WJHU's future remains unknown


Station: A Hopkins spokesman says the decision to sell isn't final, but potential buyers seem to be in the picture.

March 21, 2001|By David Folkenflik | David Folkenflik,SUN TELEVISION WRITER

Maneuvering continues over the future of WJHU, the Johns Hopkins University-owned NPR news affiliate.

Sensitive about last weekend's story disclosing that the university is taking steps to put the station on the market, a spokesman emphasizes that Hopkins has not conclusively decided to sell WJHU (88.1 FM).

The university could enter a partnership allowing a different broadcaster to run the station, notes Dennis O'Shea. Or the university could retreat from the brink and hang onto WJHU.

By its own account, however, the university is not willing to make the major investments needed by the station. And Hopkins has commissioned a broker to solicit bids over the next few months to take the station off its hands.

The establishment of WJHU in 1986 is best seen as part of the drive of then-Hopkins President Steven Muller to expand the university's empire, much like the creation of scholarly centers in Bologna, Italy and Nanking, China, and an earlier affiliation with the financially ailing Peabody Institute. Setting these things up was the easy part. Finding the money to keep them going - even as part of an institution with a $1.6 billion annual budget - proved tougher.

Under Muller's money-minded successors, each part of the university is supposed to be self-reliant. The radio station, while paying off past debts to Hopkins, is in the black. But there's no extra Hopkins money for a new radio signal or digital equipment. Hence, the search for deep pockets.

An official at WETA, outside Washington, says his company is aware of WJHU's situation but has not made any proposals. Maryland Public Television is itching to take command of the station to help promote its own offerings in the greater Baltimore area.
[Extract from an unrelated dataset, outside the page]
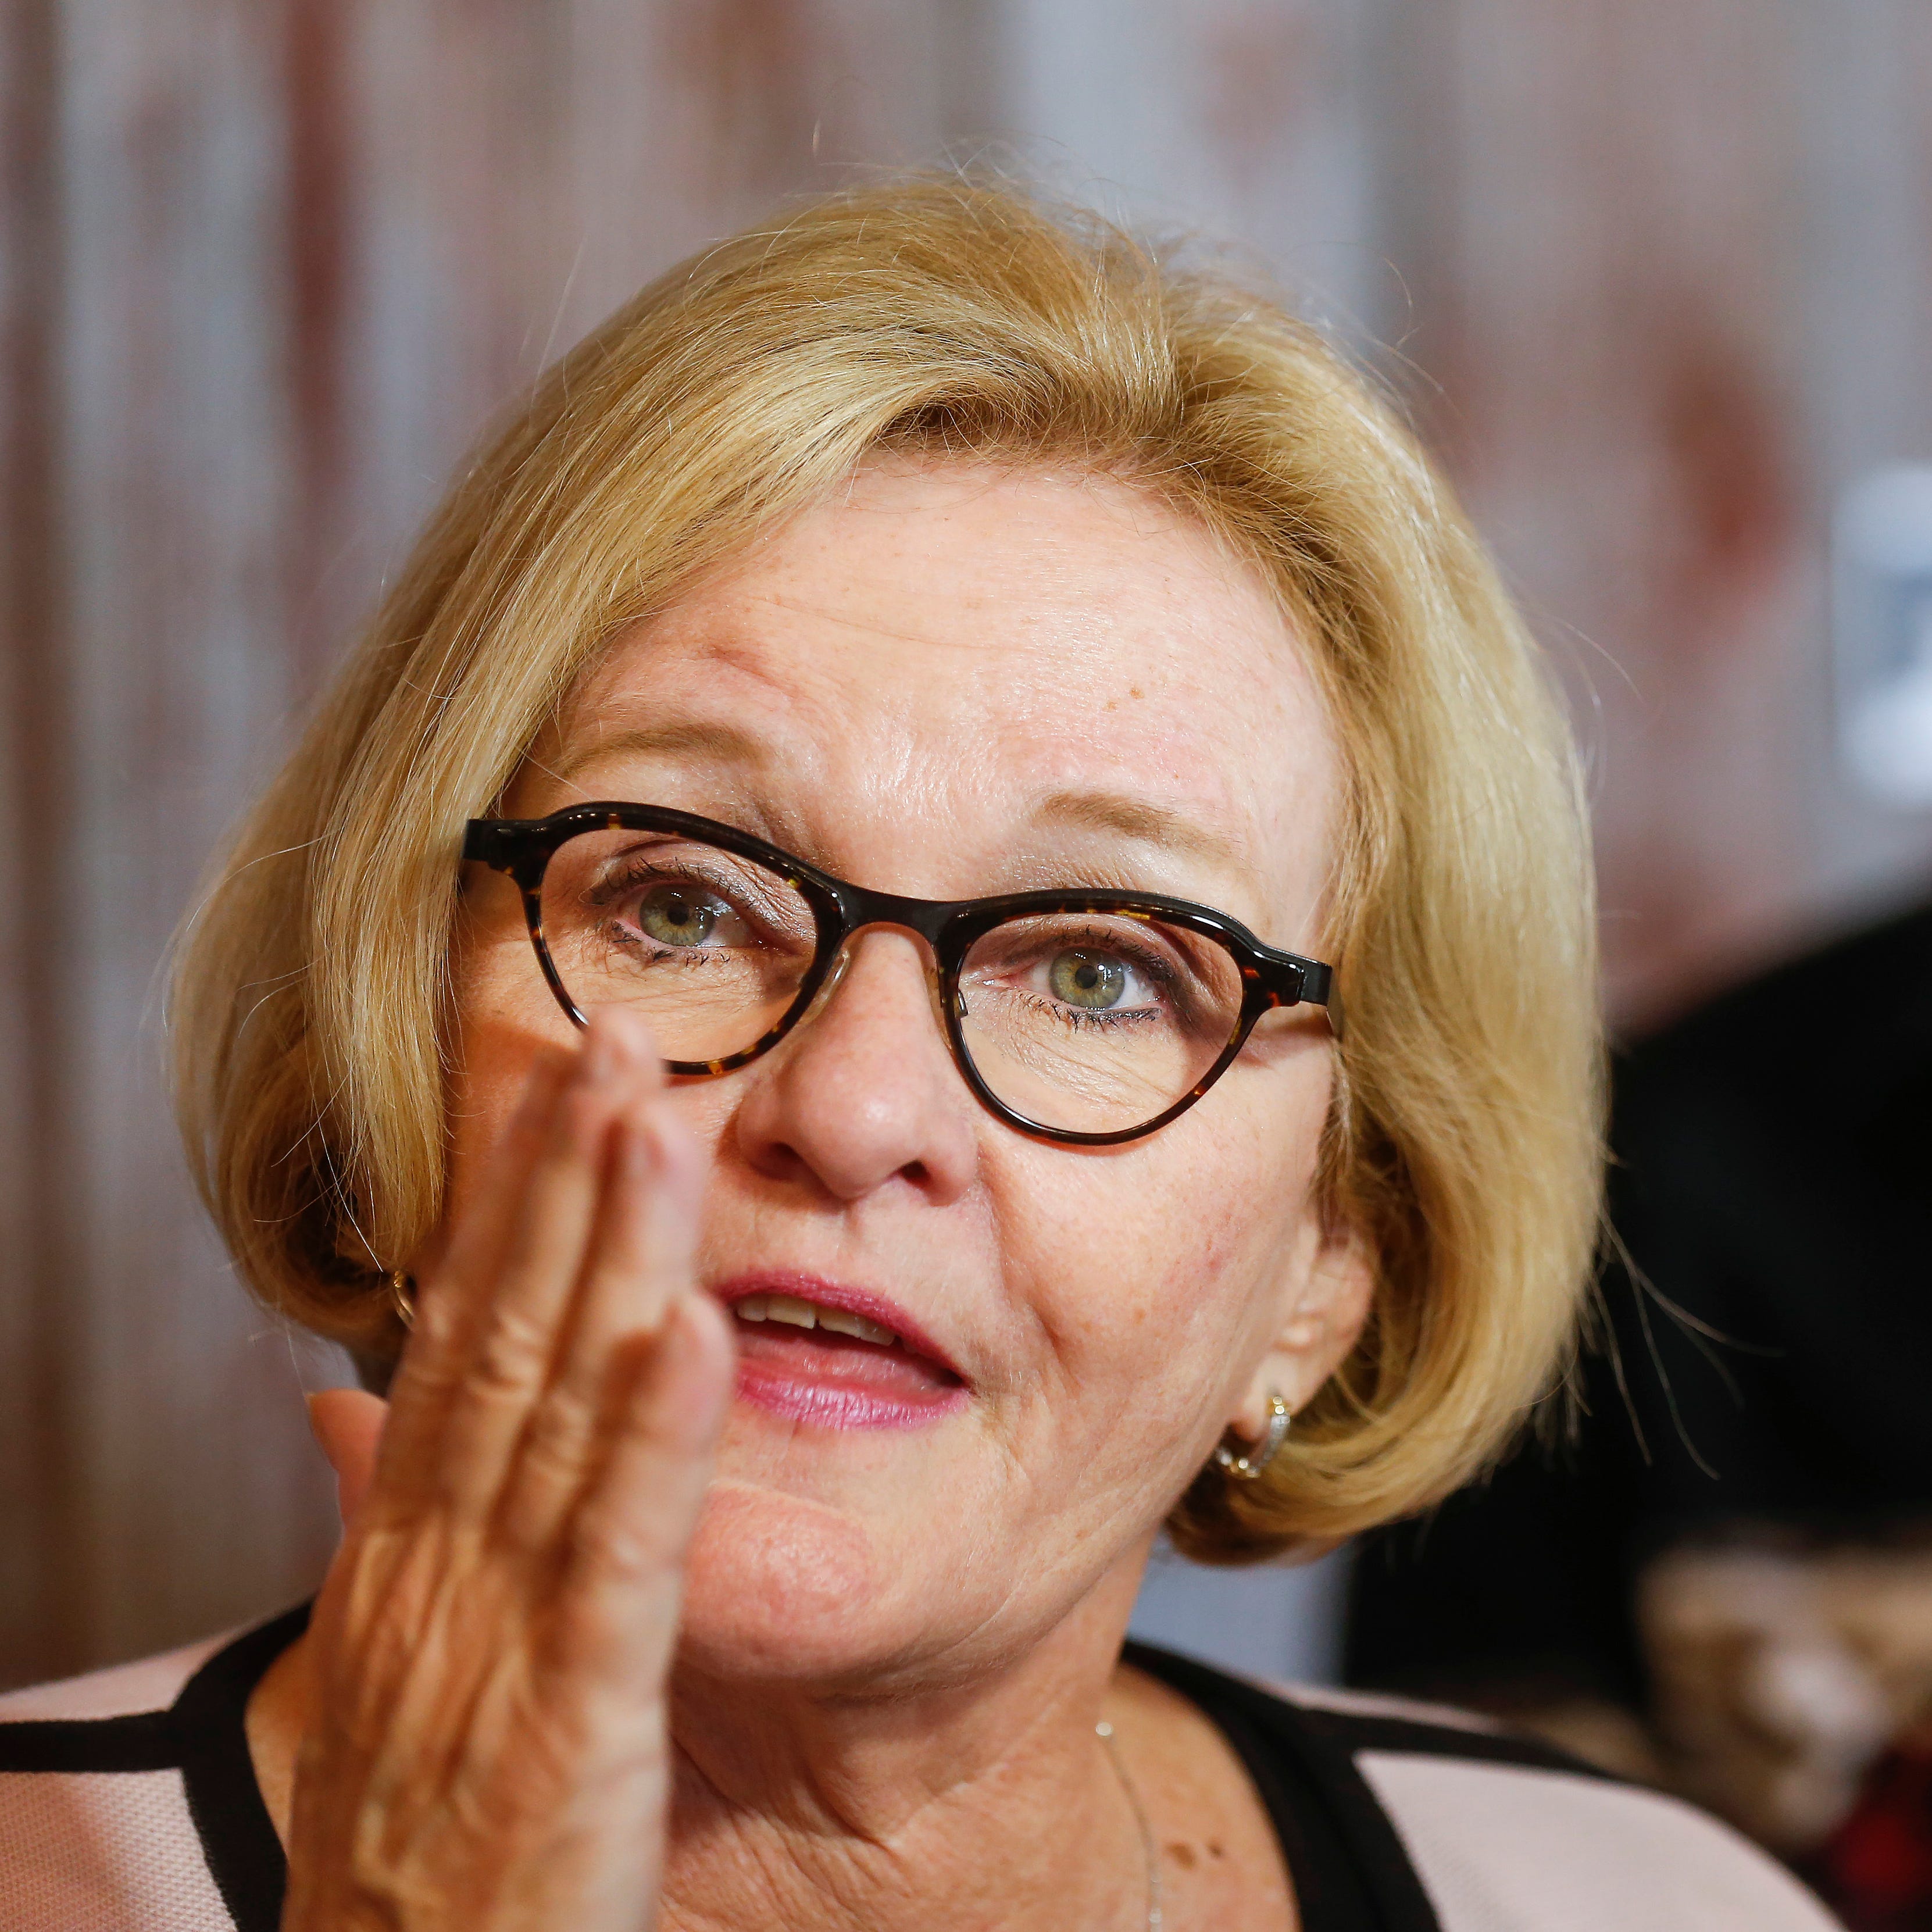 Claire McCaskill talks to the media at her campaign office in Springfield on Wednesday, Aug. 8, 2018.

Minnesota Public Radio is coy.

Each possibility has its drawbacks.

"I think it's important for stations like ours to remain locally controlled," says Marc Steiner, the station's signature voice as the host of its primary local talk show. "It's important to have media outlets that are beholden only to the people in our community."

The chief spokesman for Maryland Public Television made the same point last week. "We'd like to see it remain not only a public radio station but a Maryland-owned station," says Jeffrey D. Hankin, vice president for marketing. "There is concern that an organization coming from out of the area and trying to run a local operation would not have an understanding of the market. I'm not sure Washington understands Baltimore. The people of Baltimore are entitled to have something that's not a franchise operation."

But there is also some apprehension about MPT as a potential owner. While tight-lipped about it now, Steiner has previously expressed misgivings about his brief stint on MPT several years ago. And others involved with the station argue that PBS and MPT are not up to the same level of quality as their radio counterparts.

There is another model for change. Earlier this month, a group of citizens around Greeley, Colo., made a deal with the University of Northern Colorado to purchase KUNC, an FM station owned by the campus. University officials had planned to sell the station to Colorado Public Radio for $2.6 million but relented after a public campaign and sold its license instead for $2 million to a hastily arranged civic association led by the station's employees.

KUNC bears a certain resemblance to WJHU. The Colorado station is an NPR affiliate with 9,000 members, a $1 million annual budget, a distinctive eclectic mix of music and a small news desk. (WJHU has 11,000 members, a $2 million budget and has suspended its plans to create a similarly sized news desk.)

Colorado Public Radio wanted to turn KUNC into a second NPR affiliate emphasizing classical music but would have eliminated an independent voice for that part of the state.

"It became a real issue for our listeners, the homogenization of modern media," says Neil Best, station manager for KUNC. "What we heard from listeners is that they want us to remain locally oriented."

Steiner and others at the station are trying to arrange funds for a similar private group. Hopkins officials say they would be open to such an appeal.

More election news

Last fall, Hearst-Argyle, CBS and Scripps Howard - the parent companies of WBAL, WJZ and WMAR - adopted the call of a national panel to devote at least five minutes a night to "candidate-centered" political coverage in the 30 days before Election Day.

One recent report finds most stations failed miserably.

In conjunction with the Alliance for Better Campaigns, the Annenberg School for Communication at the University of Southern California studied 74 television stations. Volunteers tallied cumulative minutes starting at 5 p.m. and ending at 11:35 p.m. nightly for each channel.